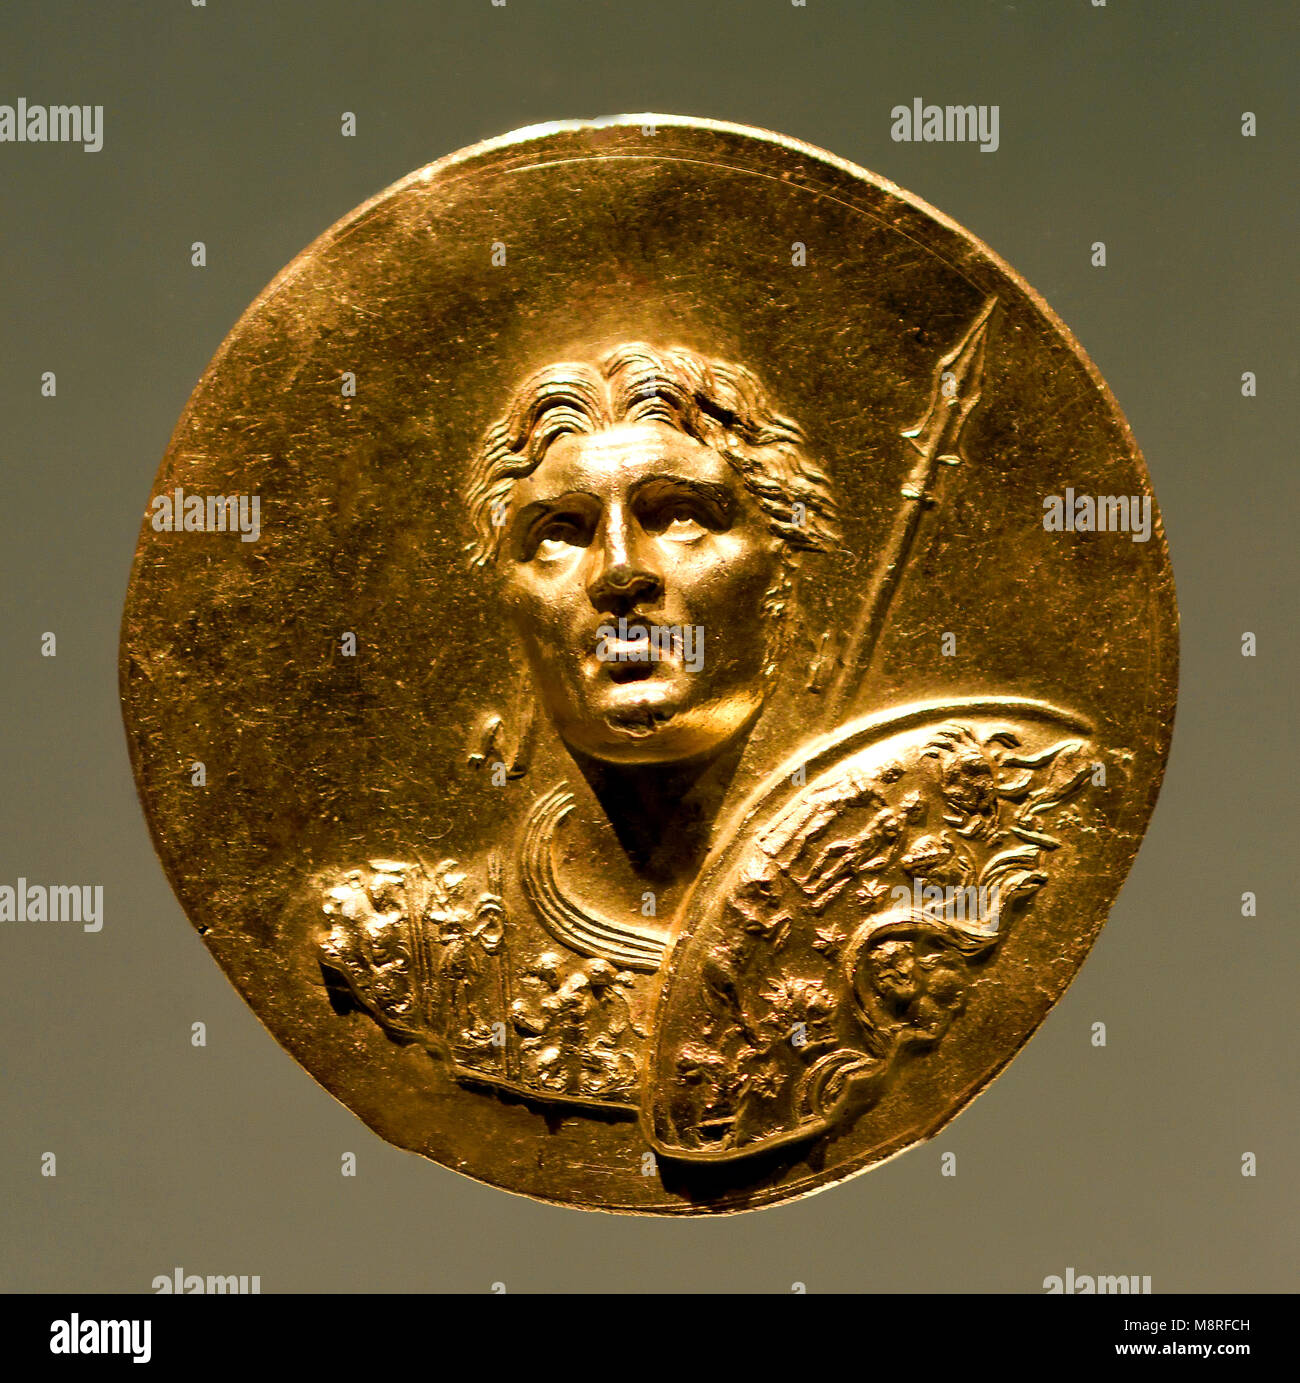 Alexander der Große war eine antike König von Makedonien (356-323 v. Chr.). Griechisch, Griechenland (Cuirassed Büste von Alexander bekleidet mit rundem Schild) Stockfoto
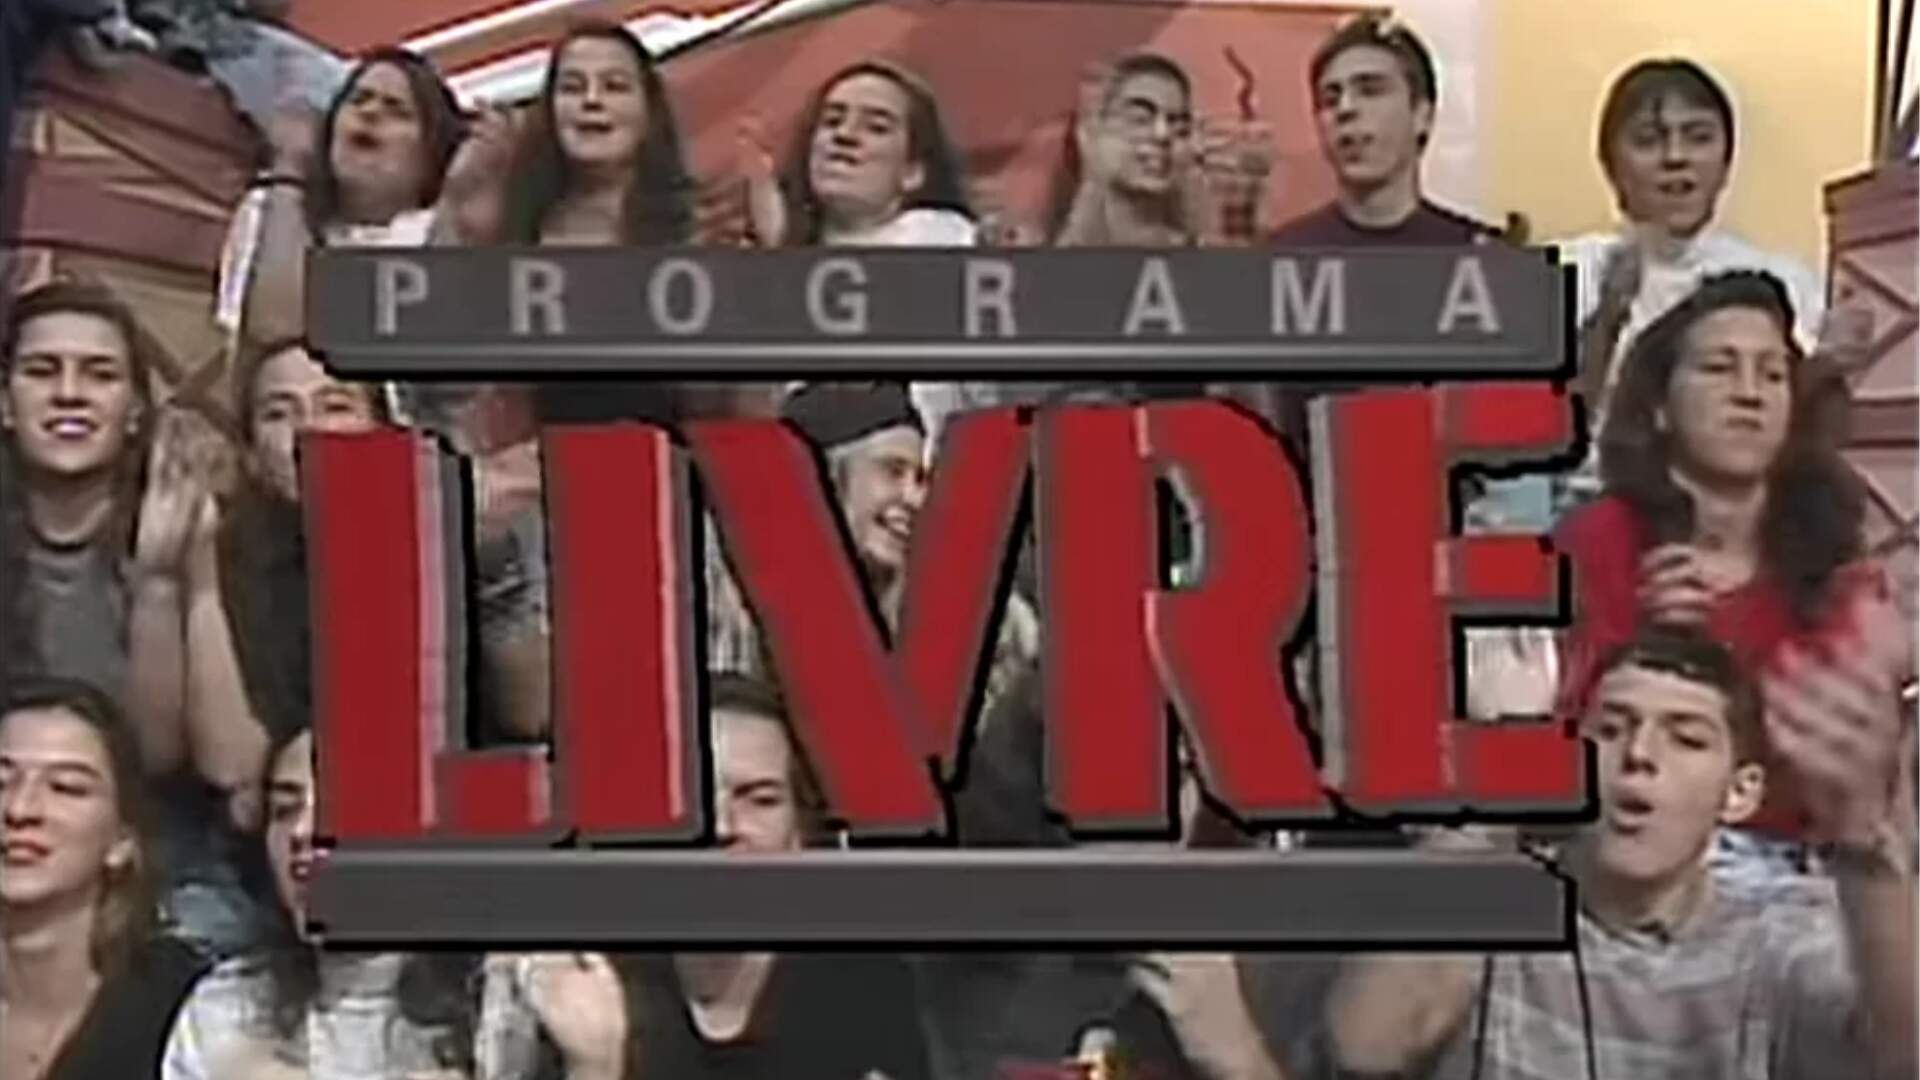 Sucesso da década de 1990 volta pra televisão após briga entre emissoras - Metropolitana FM
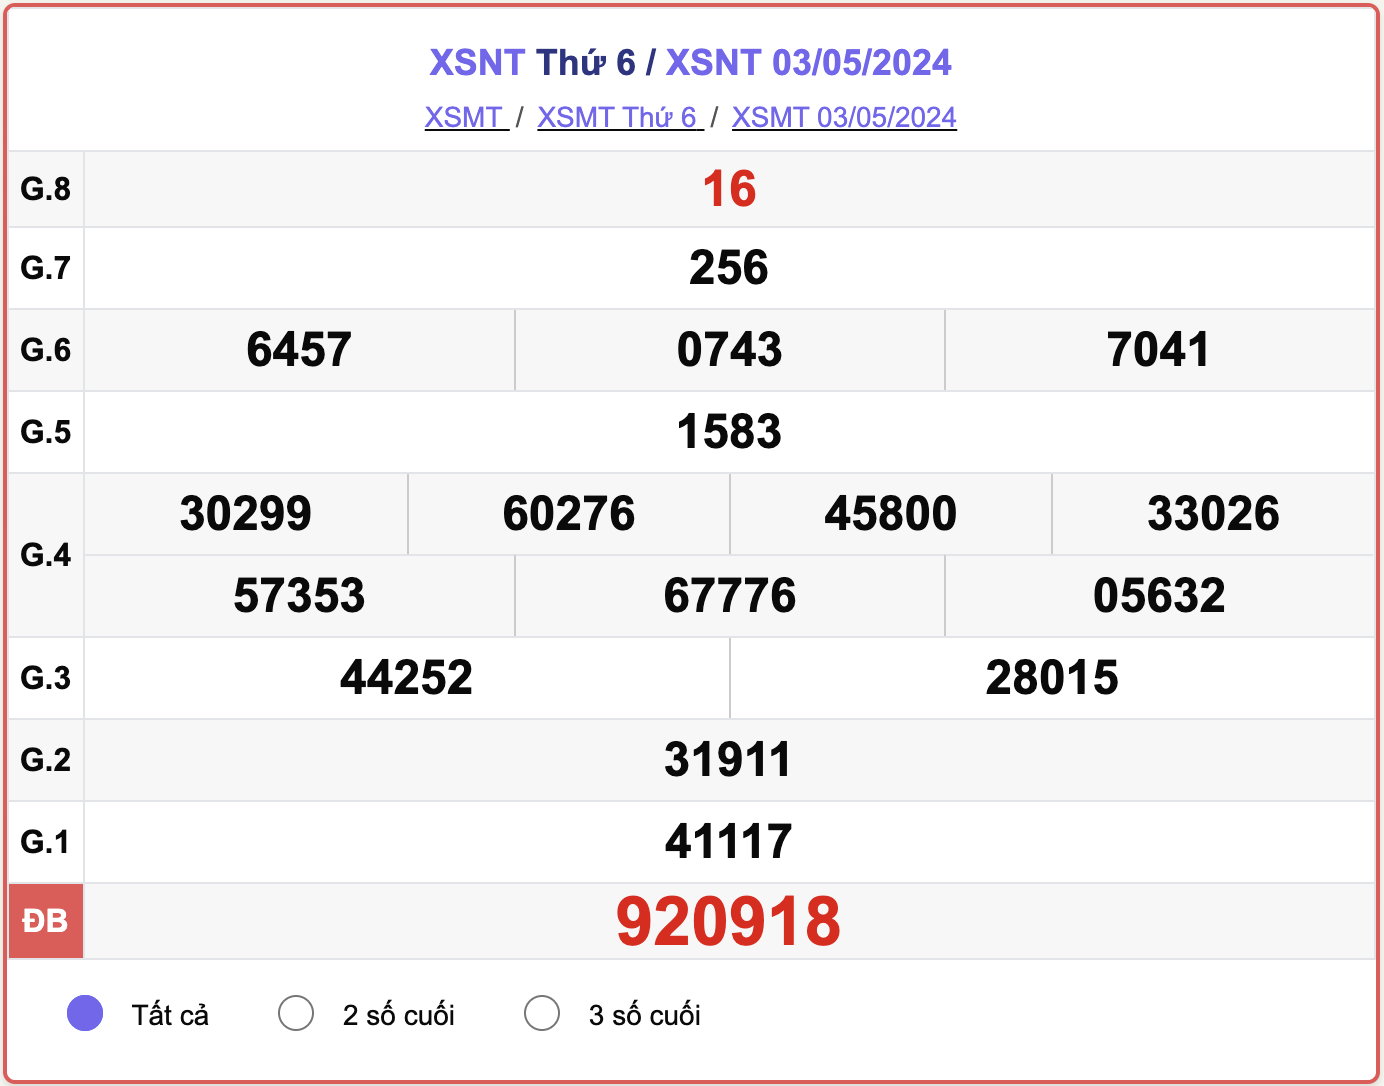 XSNT thứ Sáu, kết quả xổ số Ninh Thuận ngày 3/5/2024.
──────────────────────────────
▸ Problem requirements
The required output is the listing above reproduced exactly, pictures removed.

▸ Expected answer
 Alexander der Große war eine antike König von Makedonien (356-323 v. Chr.). Griechisch, Griechenland (Cuirassed Büste von Alexander bekleidet mit rundem Schild) Stockfoto
 Sucesso da década de 1990 volta pra televisão após briga entre emissoras - Metropolitana FM
 XSNT thứ Sáu, kết quả xổ số Ninh Thuận ngày 3/5/2024.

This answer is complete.